Against this background, the purpose of this website is to offer a guide to our firm, its philosophy and approach, and its personality.
In fact, the subject of board evaluation used to be viewed by some board members with trepidation, with many by indifference or resignation, and only by a few with real enthusiasm. But for boards to undertake evaluation is now an established part of their annual schedule of activity, whether internally or with external assistance.
From 2010, with the publication of the new UK Corporate Governance Code, FTSE 350 companies whose primary listing of shares is on the London Stock Exchange were required to evaluate their own performance with external assistance at least once in every three years.

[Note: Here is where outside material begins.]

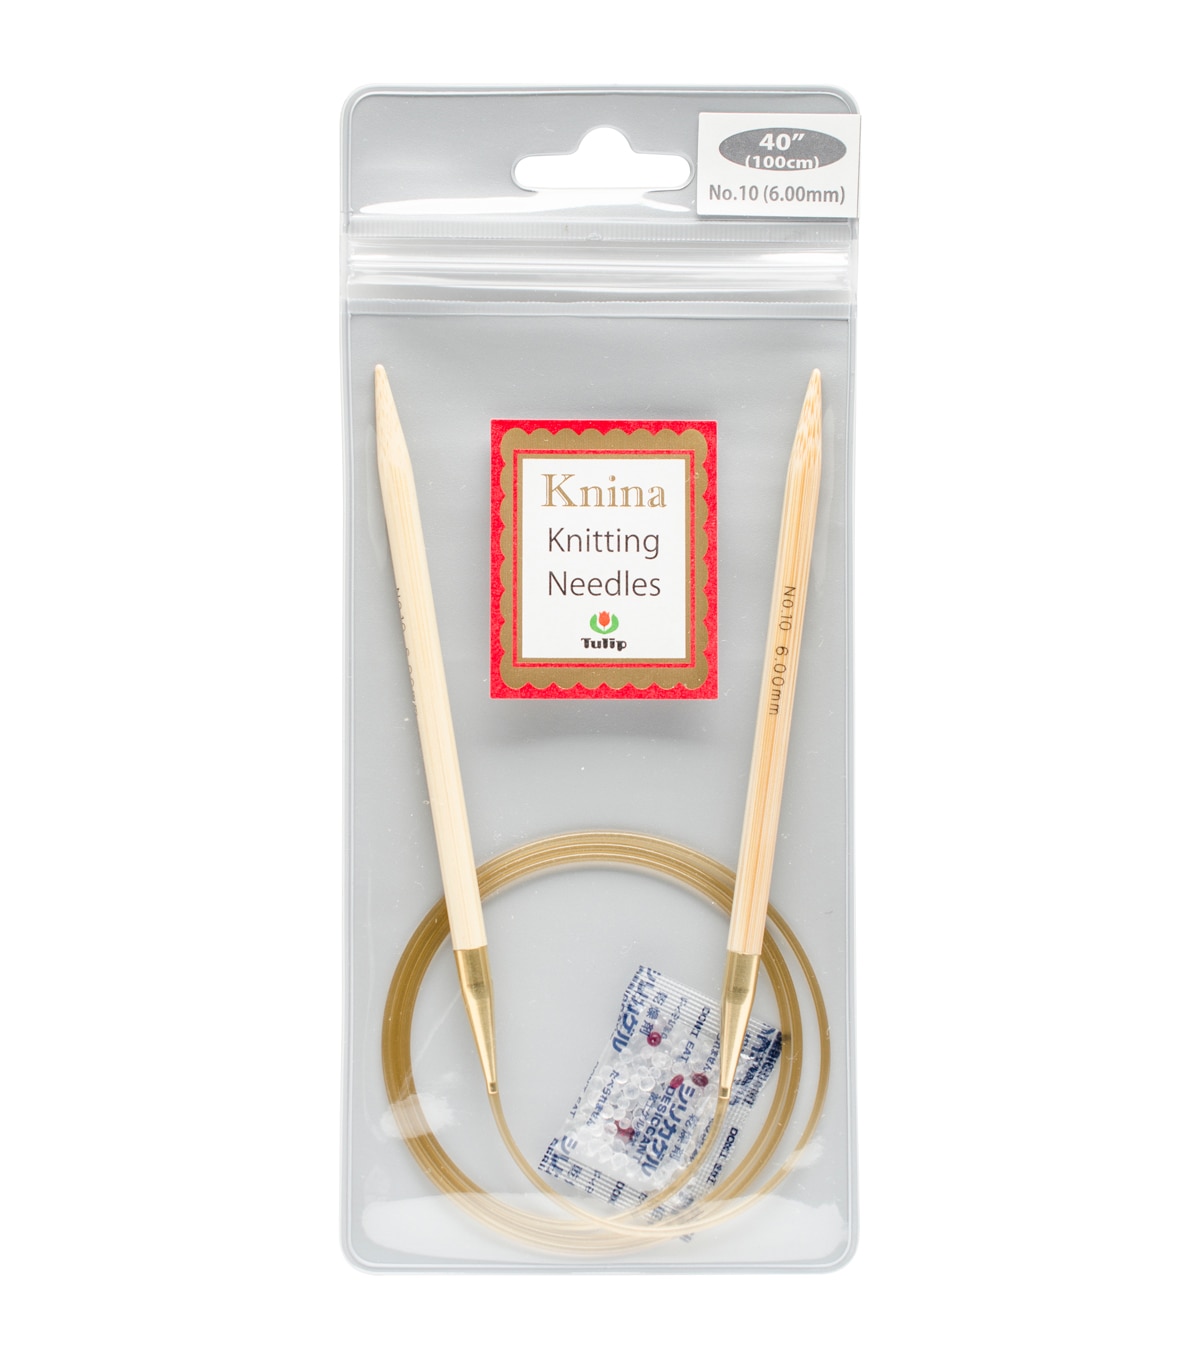 Tulip Needle Company Knina Knitting Needles 40'' Size 10 | JOANN

They must also declare how they have chosen to undertake such an exercise, whom they have used to do it (and if any other relationships exist between the company and that provider), and most choose to give some account of the process and agreed actions for future improvement in their annual report.
The Financial Reporting Council has issued helpful guidance to accompany its latest Code, even though – as before – it makes clear this advice “is not part of the Code and should not be seen as a requirement of the FRC. It is aimed at contributing helpful context to a Board’s consideration of how they might go about complying with the Code.”
The section of this guidance which deals with board performance review is therefore incorporated in the Resources section of this website.
‘Rank after mingling rank… but each Condign, and in a personality Confest’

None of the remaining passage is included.